Time loss compensation is paid every 2 weeks until the treating physician releases the worker to return to work. Time loss compensation is paid at 60-75% of the worker's total wages, up to the maximum outlined under Washington workers' compensation law.
Temporary Partial Disability Benefits (TPD) - Temporary partial disability benefits may be paid to workers who have been injured at work and are able to return to work but because of their work injury they must work a modified work schedule. If a worker is unable to make the wages they could make prior to their work injury they may qualify for TPD benefits.
Vocational Rehabilitation - Vocational rehabilitation services may be offered to Washington employees who are injured and unable to return to their job. Vocational rehabilitation services may vary by state but generally include: job assessments, counselor assistance and re-training to help the employee re-enter the workforce.
The goal of vocational rehabilitation benefits is to help the worker return to full employment as soon as possible. Vocational rehabilitation is provided in Washington for up to 52 weeks with a maximum benefit of $4,000.
Permanent Total and Partial Disabilities Benefits - Permanent total disability benefits (PTD) are paid to workers who are injured at work and who suffer a work injury or occupational illness which is so severe that they are unable to return to any type of employment.
PTD benefits are calculated based on a percentage of the worker's wage (generally 60-75% and subject to the state's minimum and maximum allowable amounts). Other factors included in the calculation are the number of dependents and whether the worker is married.
PTD benefits can be paid for the duration of the worker's life but can be offset if the worker receives Social Security Disability benefits.

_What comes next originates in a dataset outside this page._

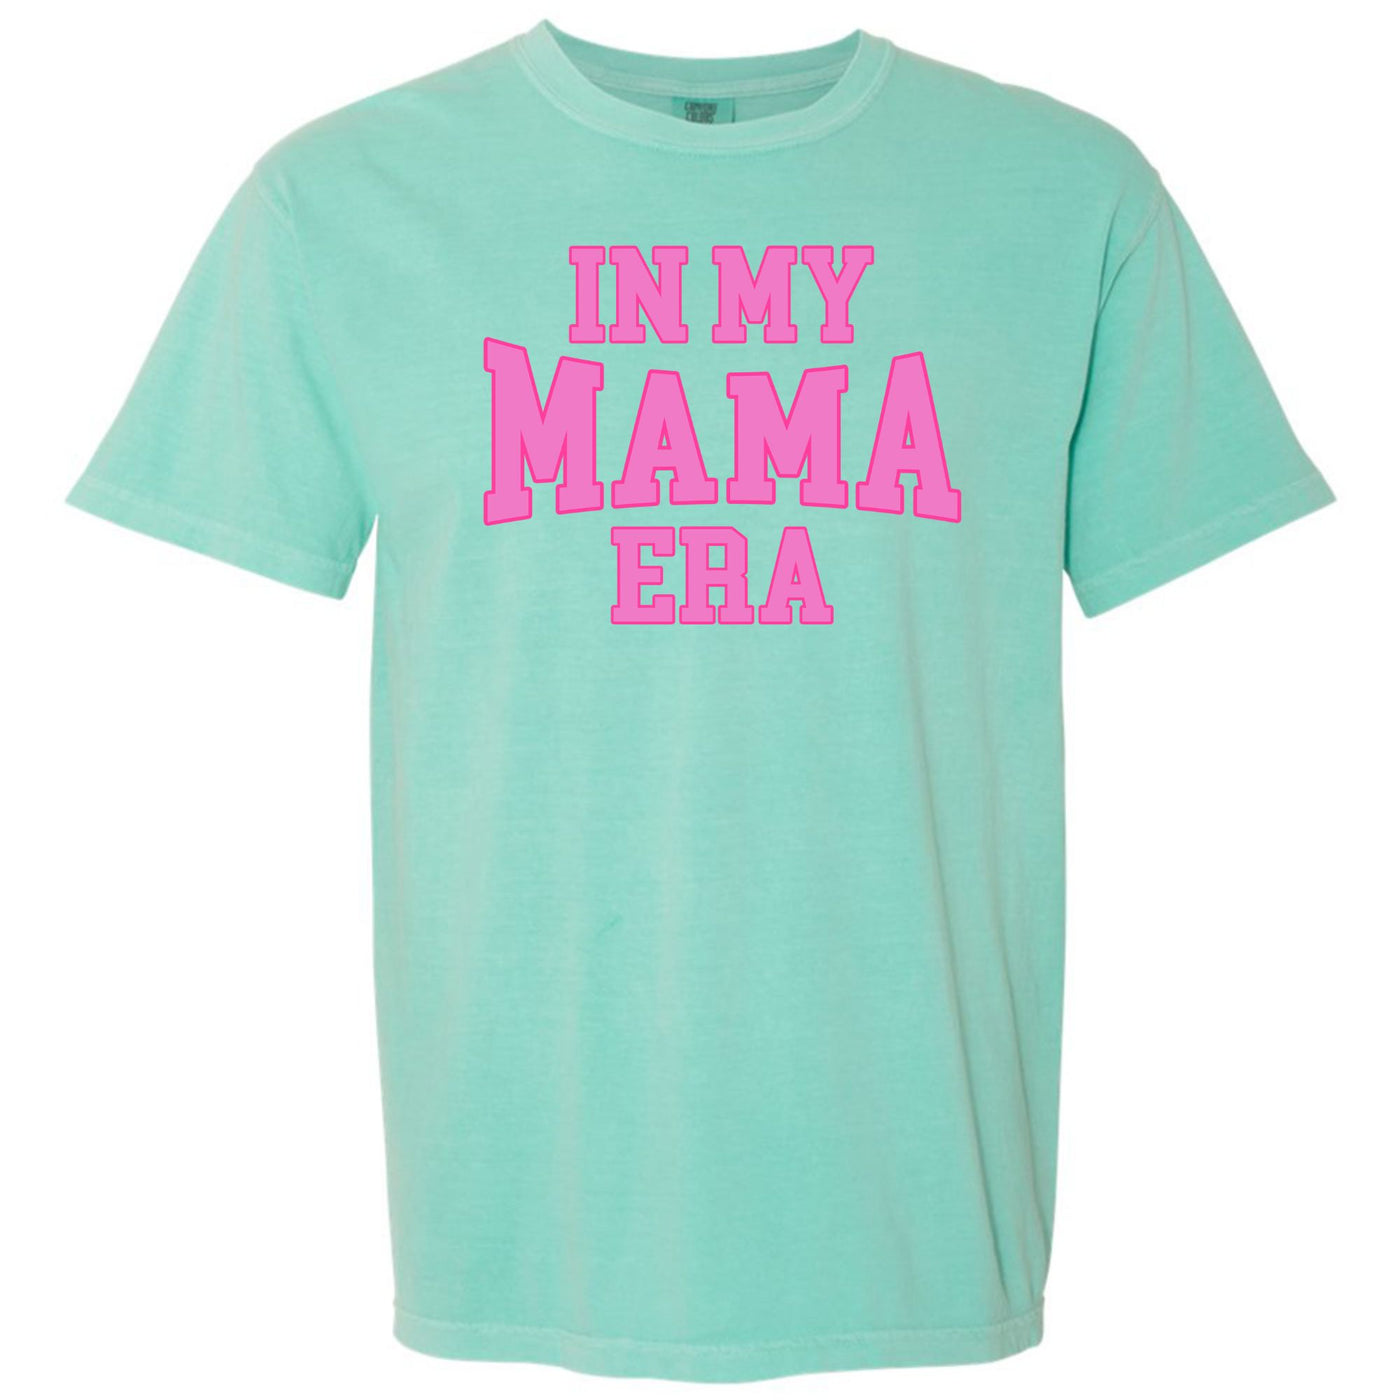 'In My Mama Era' T-Shirt

Permanent partial disability benefits (PPD) are paid to workers who suffer some type of permanent loss and may be able to return to work. Loss of an arm, leg, fingers or toes may qualify a worker for PPD benefits. The insurance company will calculate the benefit based on the percentage of the physical impairment.
Survivor Benefits - Survivor benefits are paid to the beneficiaries of the deceased spouse. Immediate benefits may include compensation of 100% of the deceased employee's average monthly wage and burial expenses up to 200% of the average monthly wage.
The spouse may also get monthly payments that are equal to the deceased worker's wage replacement amount. The spouse may lose benefits if they remarry but may be entitled to a final lump sum benefit payment.
Children, who are under 18 or 23 if they are attending school, are also eligible for survivor benefits.